None of this is, however, relevant to the use of the label “Marxist” in the cases mentioned in the article. Throughout most of the 20th century there was a deliberate propaganda campaign in the US to demonize anyone who read, understood, Marx, or agreed with him. In American culture the ideal is an individual that makes individualistic independent choices. Americans are susceptible to the creation of cultural enemies through assertions that two kinds of people do not make individualistic choices, savages and bugs. Americans assert that those they are opposed to are savages, so close to nature they are incapable of impulse control, of thinking individually. Bugs are the social insects that have given over their decision making to someone else, they are also the communists, the Nazis. Labeling someone a Marxist is code in American culture for asserting that the one labeled is not thinking as an individual. That is what the examples provided are seeking to do to Piketty.
It's become de rigueur for any self-respecting reviewer to review Piketty's book.
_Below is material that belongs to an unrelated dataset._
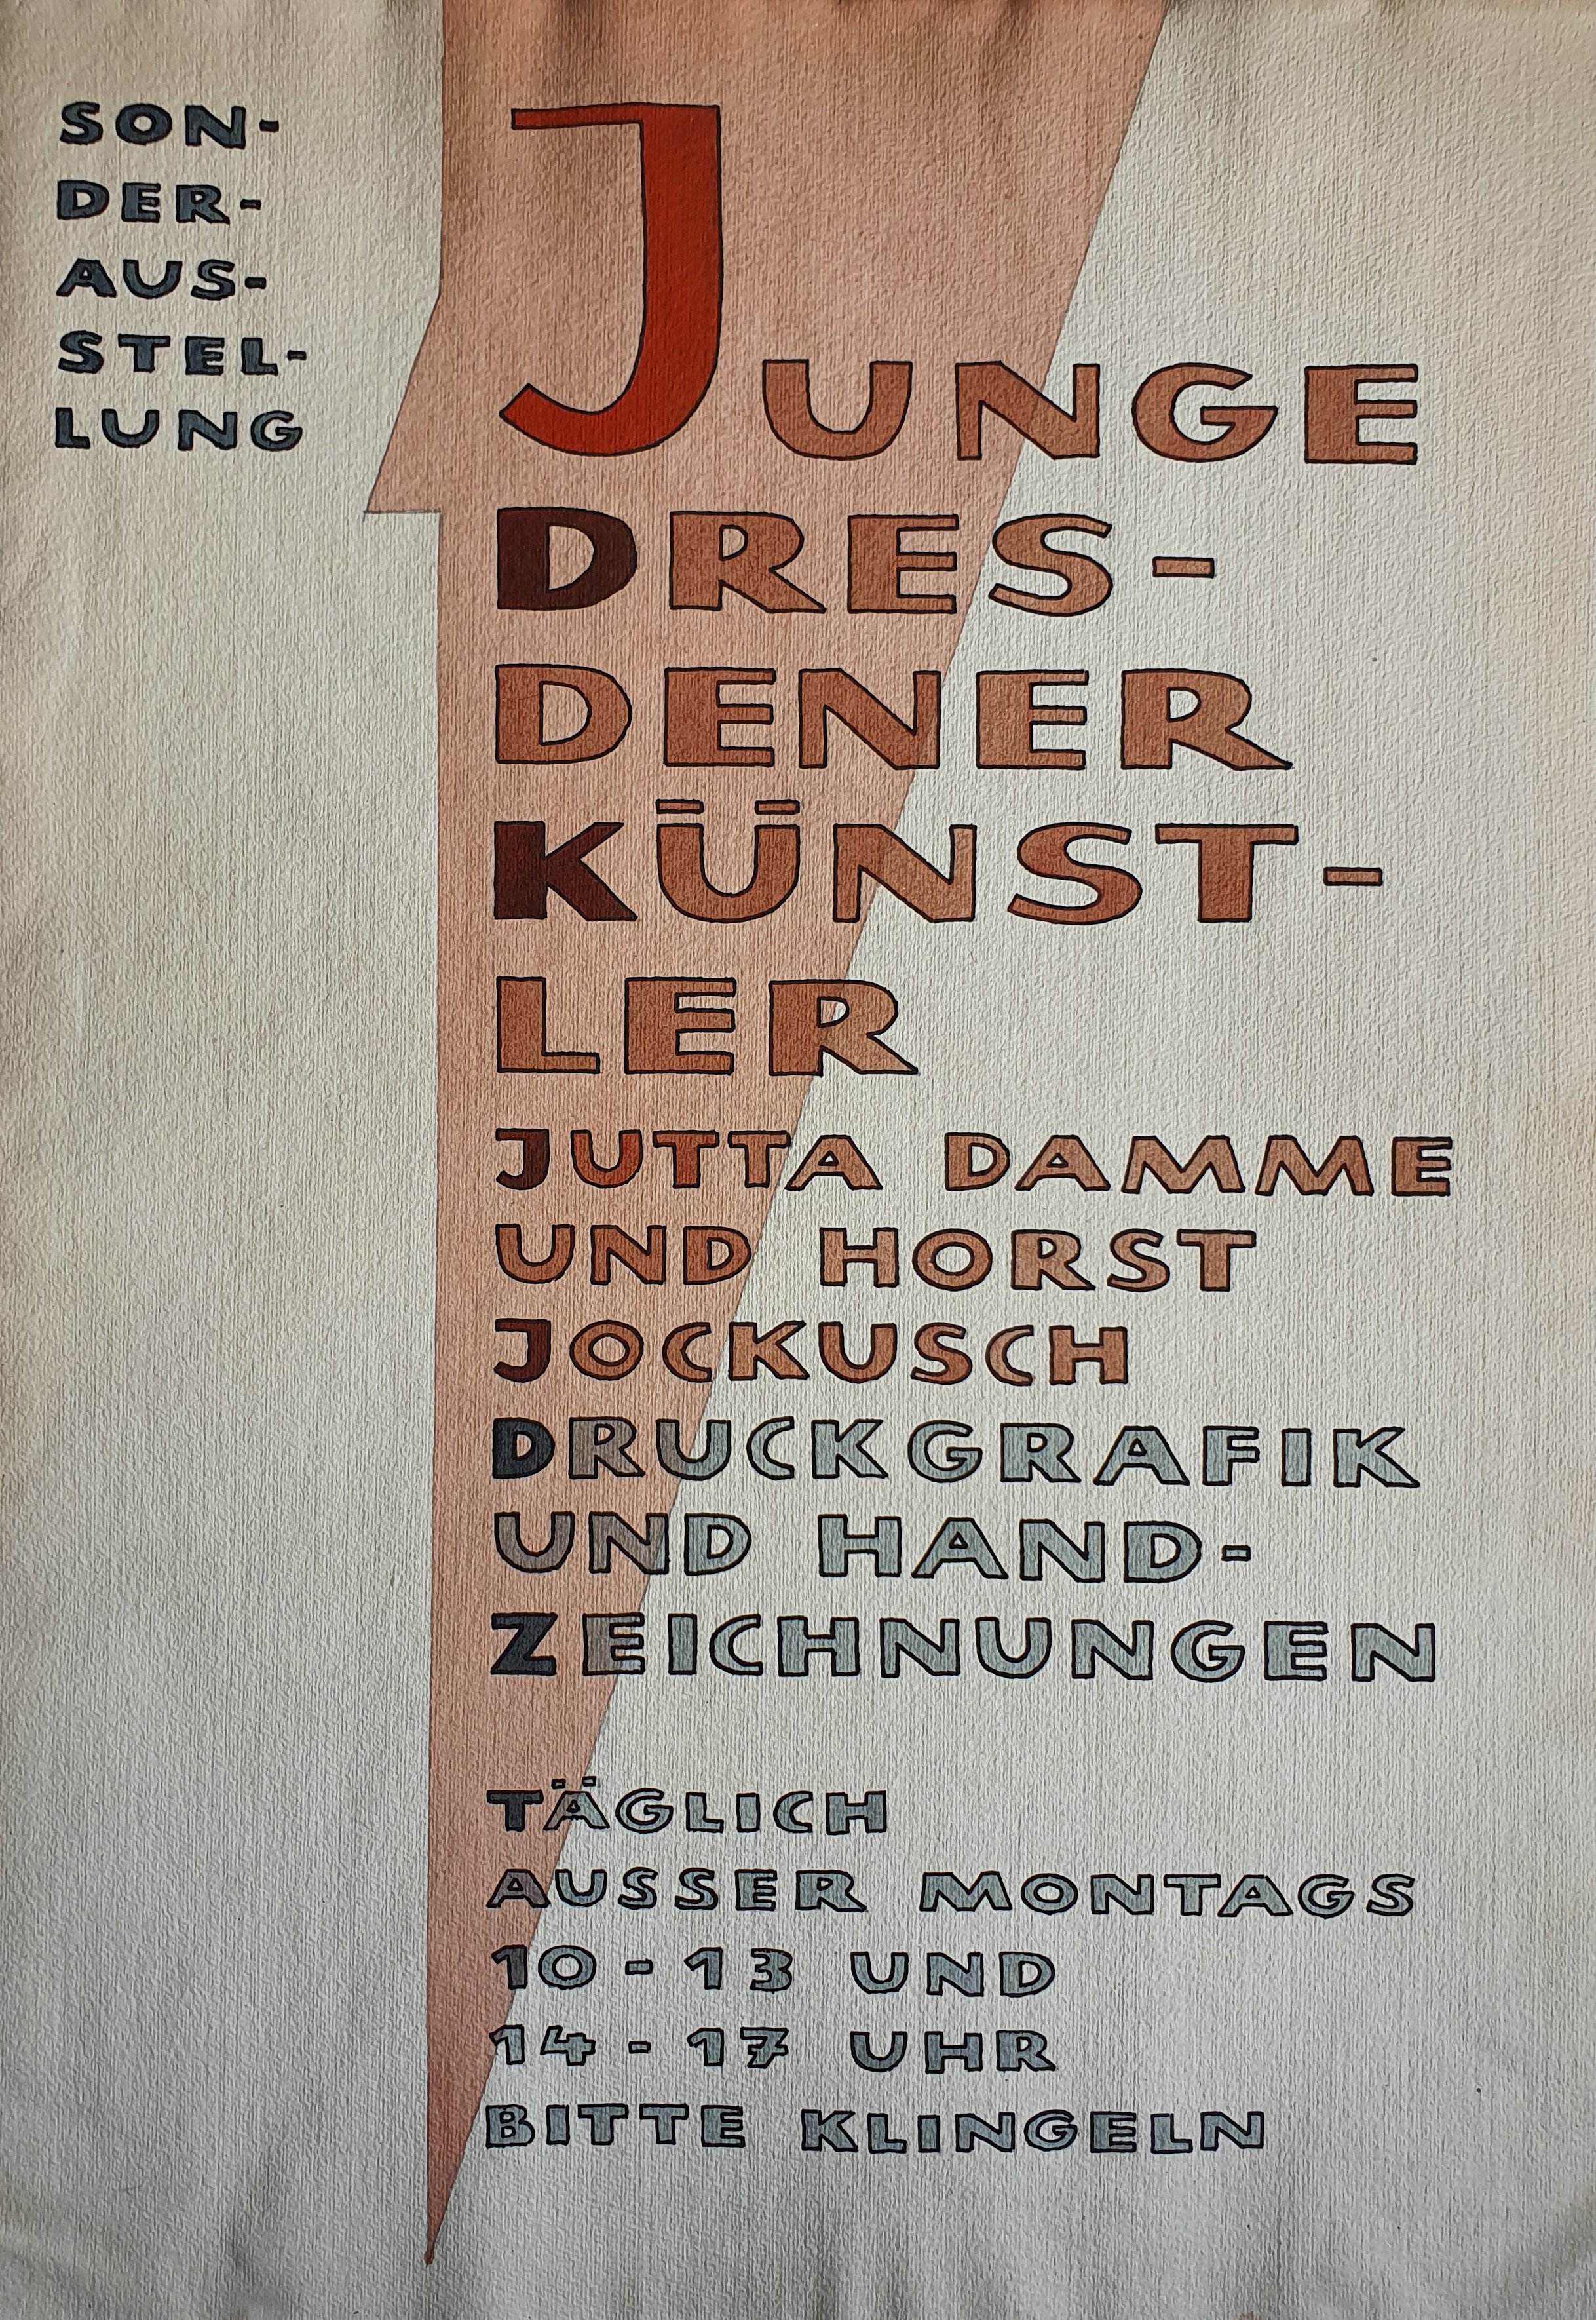 Sonderausstellung Junge Dresdener Künstler - Jutta Damme und Horst Jockusch - Druckgrafik und Handzeichnungen (Museum Schloss Bernburg CC BY-NC-SA)

Even that NYT dullard, David Brooks, has written one though it's patently clear he hasn't read the book.
It's not clear why the book has become a runaway bestseller -- it seems to have tapped into the zeitgeist. The reasons that suggest themselves are 1) Piketty uses the technocratic language of statistics and big data sets (the use of which fits in comfortably with the neolib mindset, even if the conclusions don't) and 2) the book is free of an overt Marxist bias (because Piketty is a social democrat). The last time I recall such sudden popularity was for Kennedy's "Rise and Fall of the Great Powers" about twenty-five years back.
I suggested to Craig that he order the book about six weeks back -- it's been on my wish list for about six months (i.e., before it got published), and I got my own copy a month back. Since then it has sold out and it can't be had for love or money. The easiest way to get mugged in certain parts of NYC is to be seen carrying the book.
It will be interesting to see how fast the book goes from being de rigueur to being passe among the in-crowd. I suspect it's already started on that trek. The very aspects that catapulted it to fame will lead to its demise: it's easy to read but not a work of high theory (like Marx's "Capital").